# DATA EXCERPT
=====

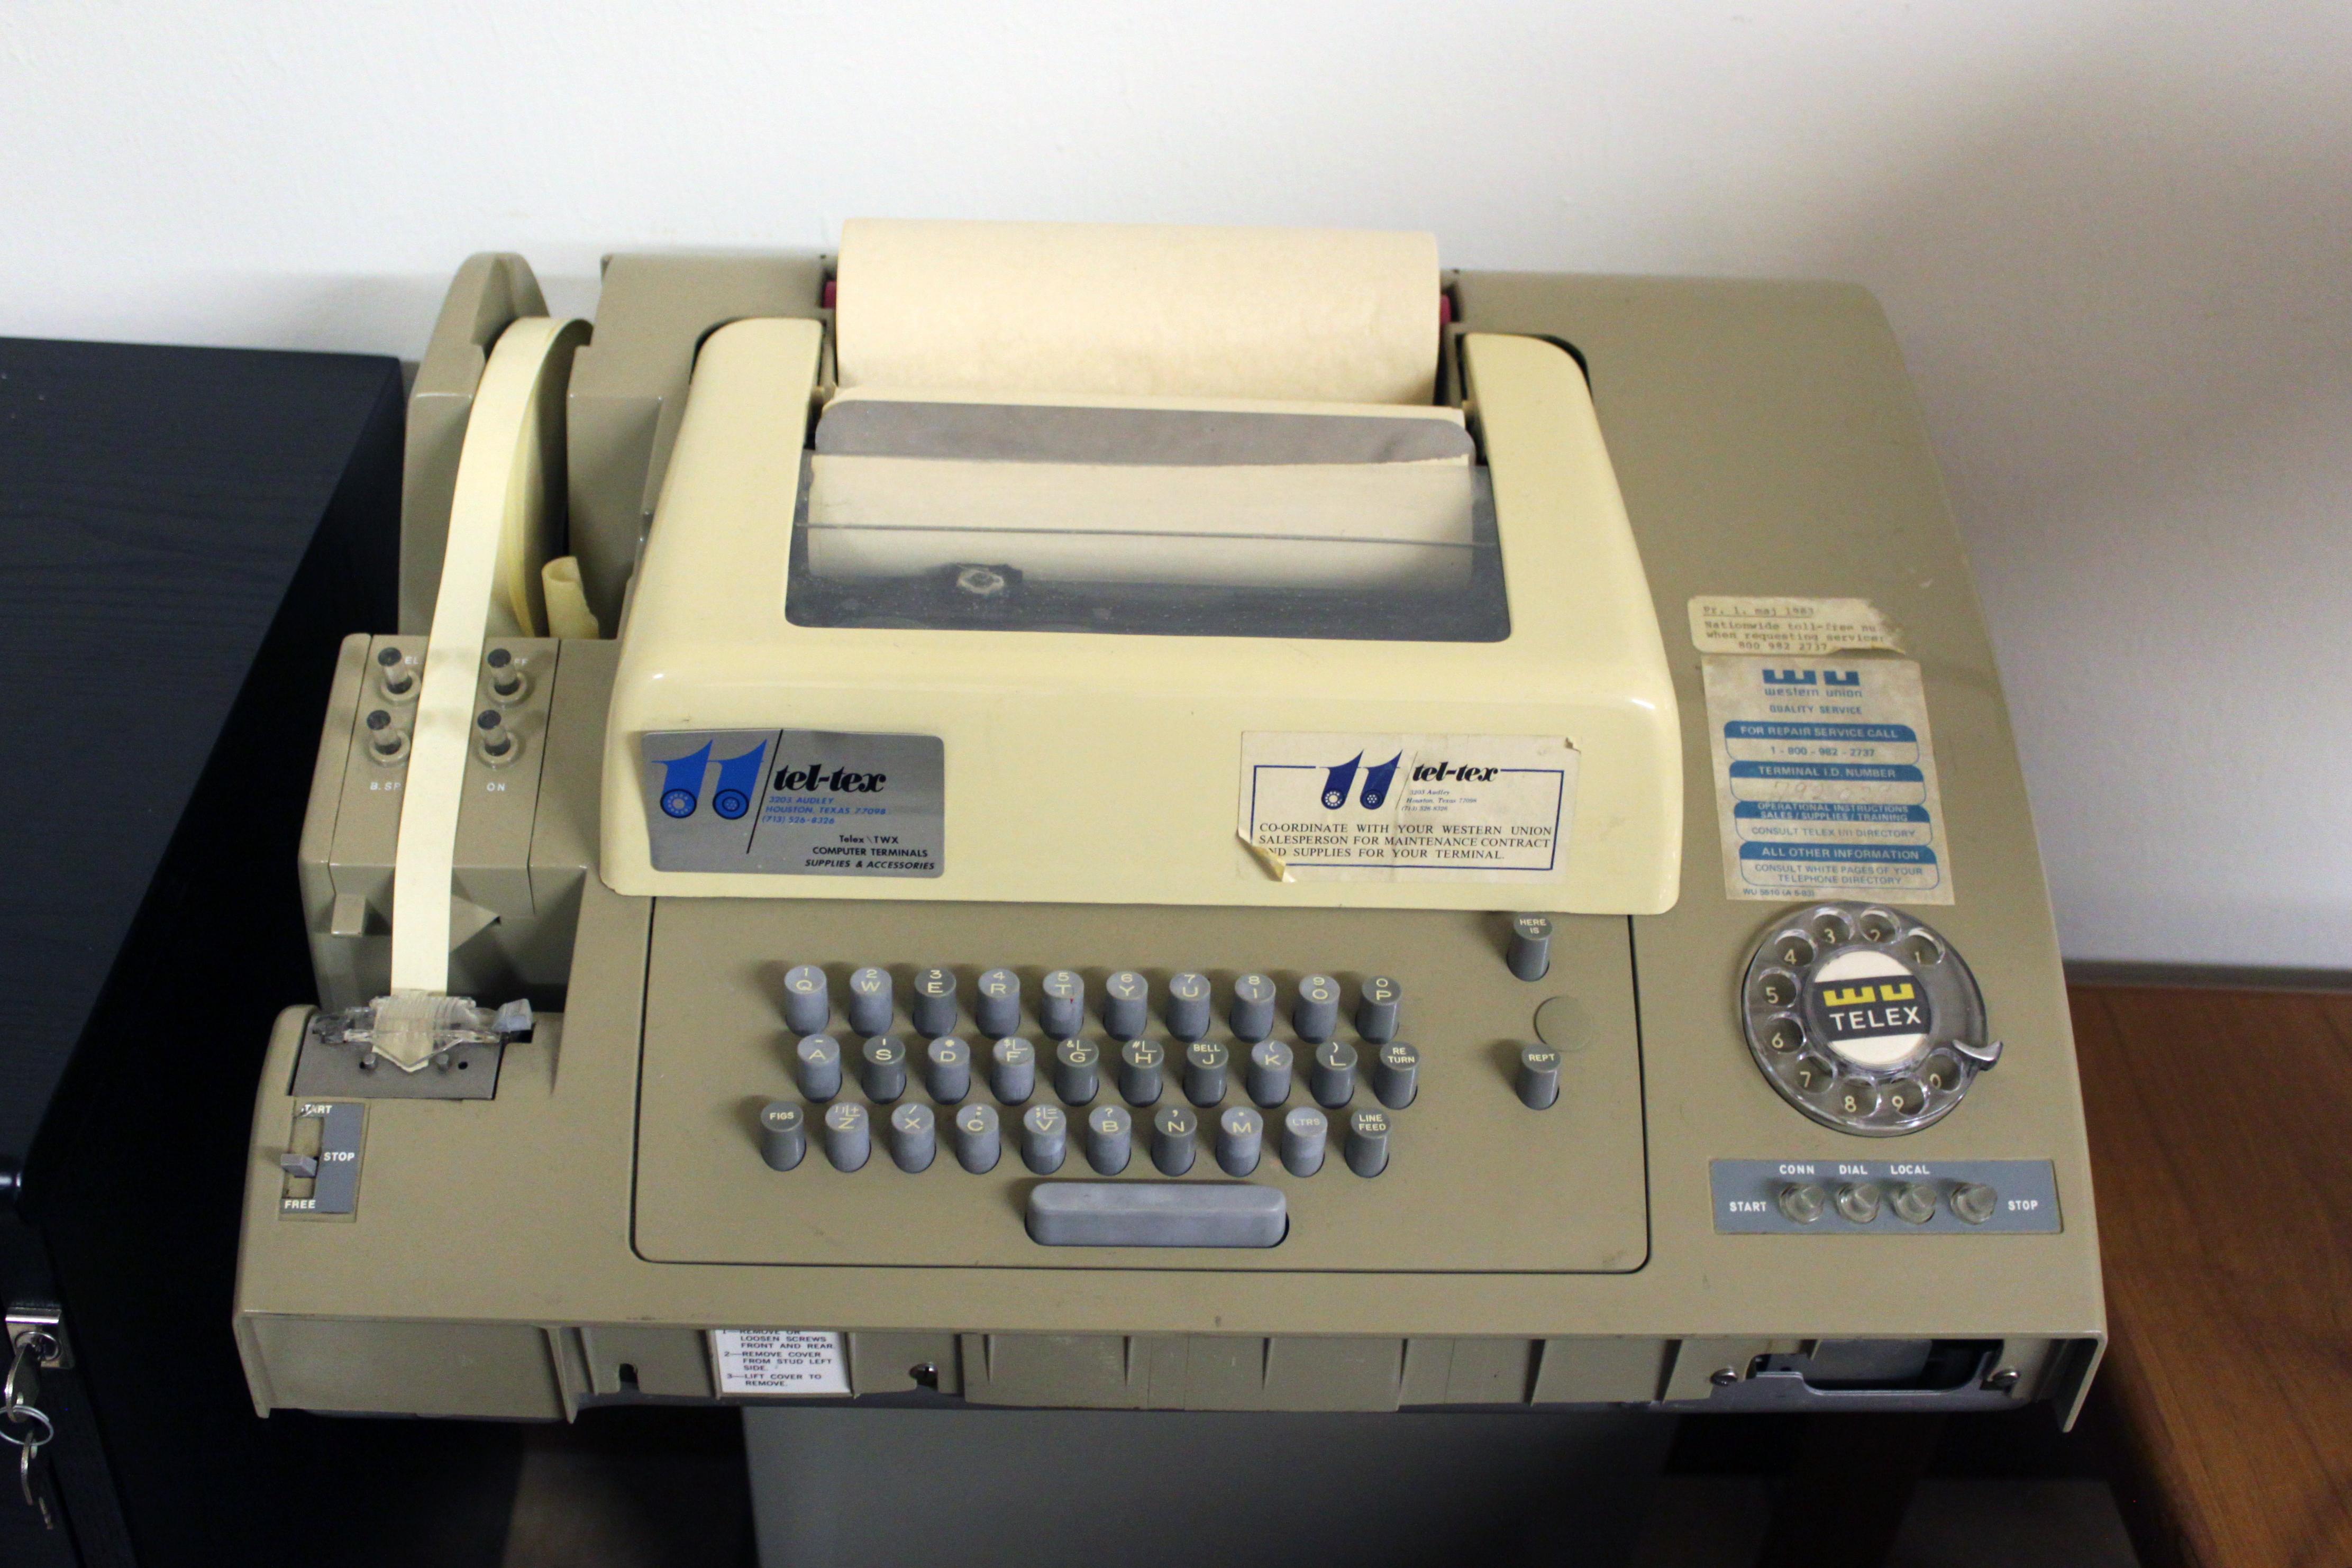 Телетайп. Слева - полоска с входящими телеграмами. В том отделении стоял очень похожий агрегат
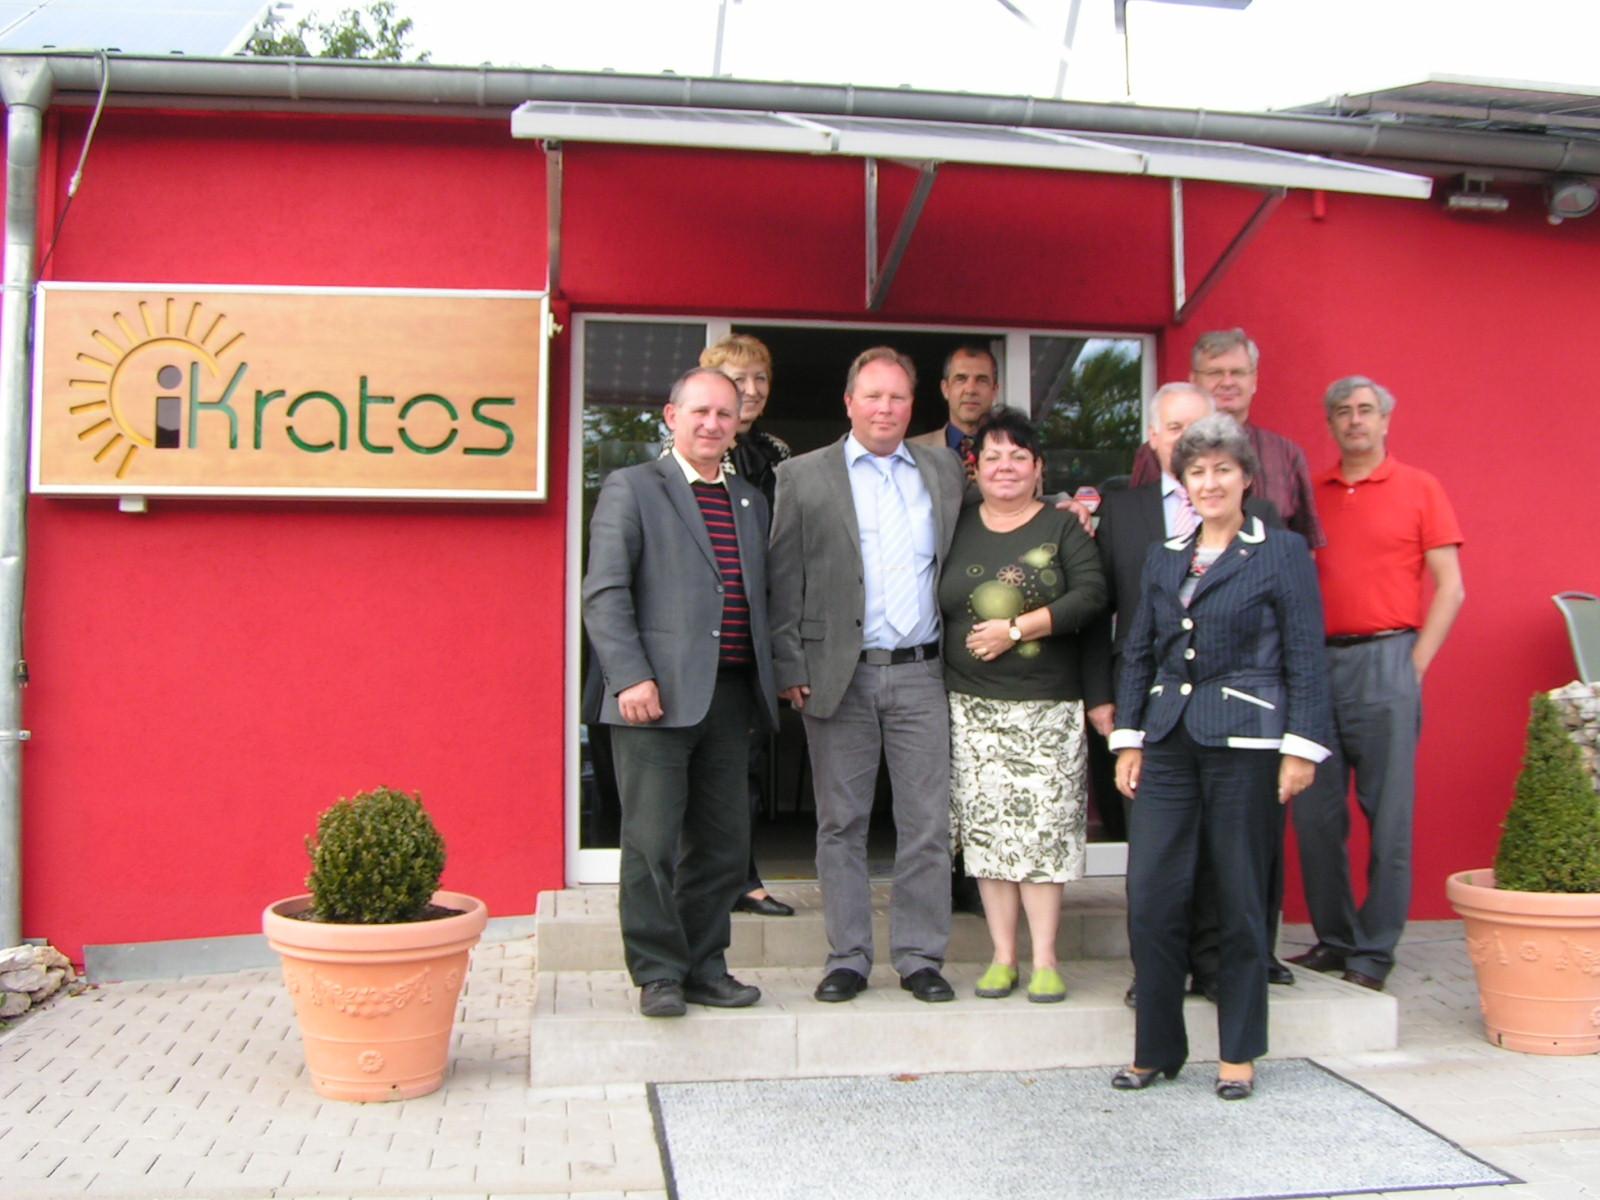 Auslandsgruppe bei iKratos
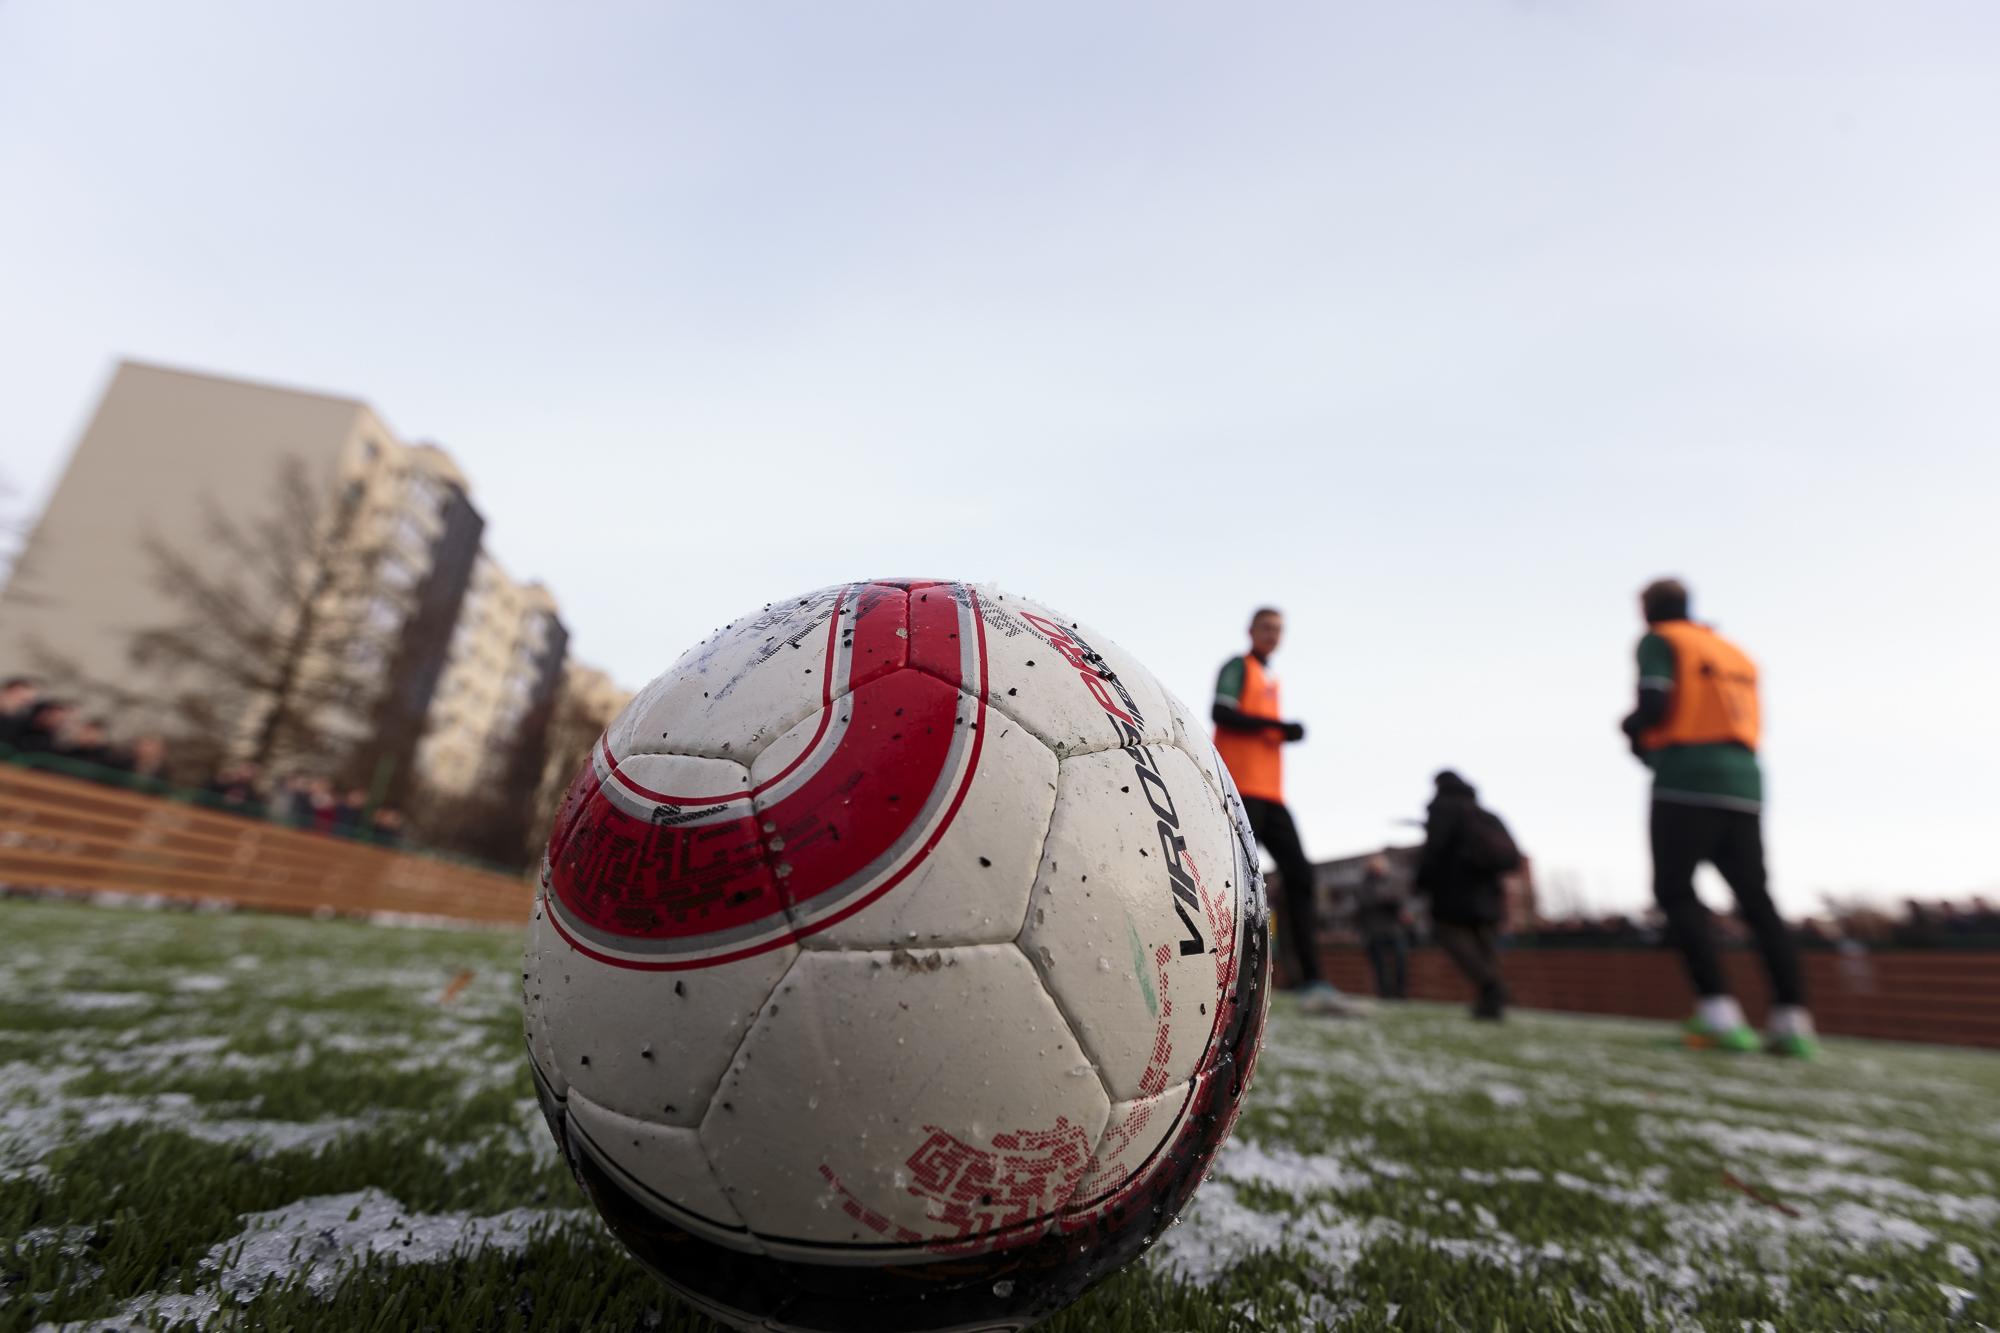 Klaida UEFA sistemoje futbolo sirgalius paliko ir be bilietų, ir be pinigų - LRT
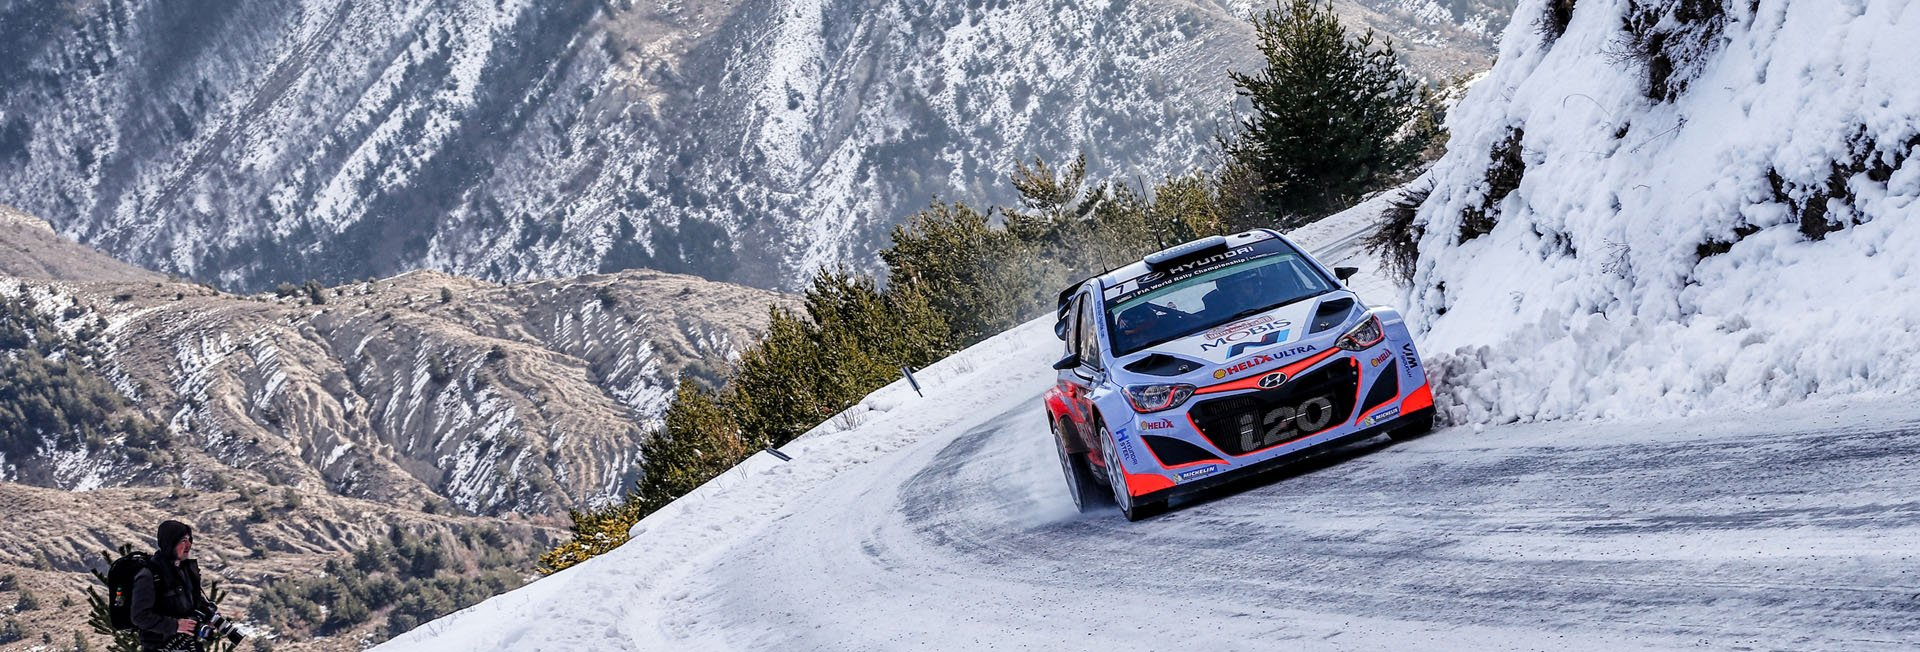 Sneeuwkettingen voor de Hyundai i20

=====

# ASSIGNED TASK
A word-for-word transcription of the listing is needed, minus its images.

# ANSWER BOX
 Телетайп. Слева - полоска с входящими телеграмами. В том отделении стоял очень похожий агрегат
 Auslandsgruppe bei iKratos
 Klaida UEFA sistemoje futbolo sirgalius paliko ir be bilietų, ir be pinigų - LRT
 Sneeuwkettingen voor de Hyundai i20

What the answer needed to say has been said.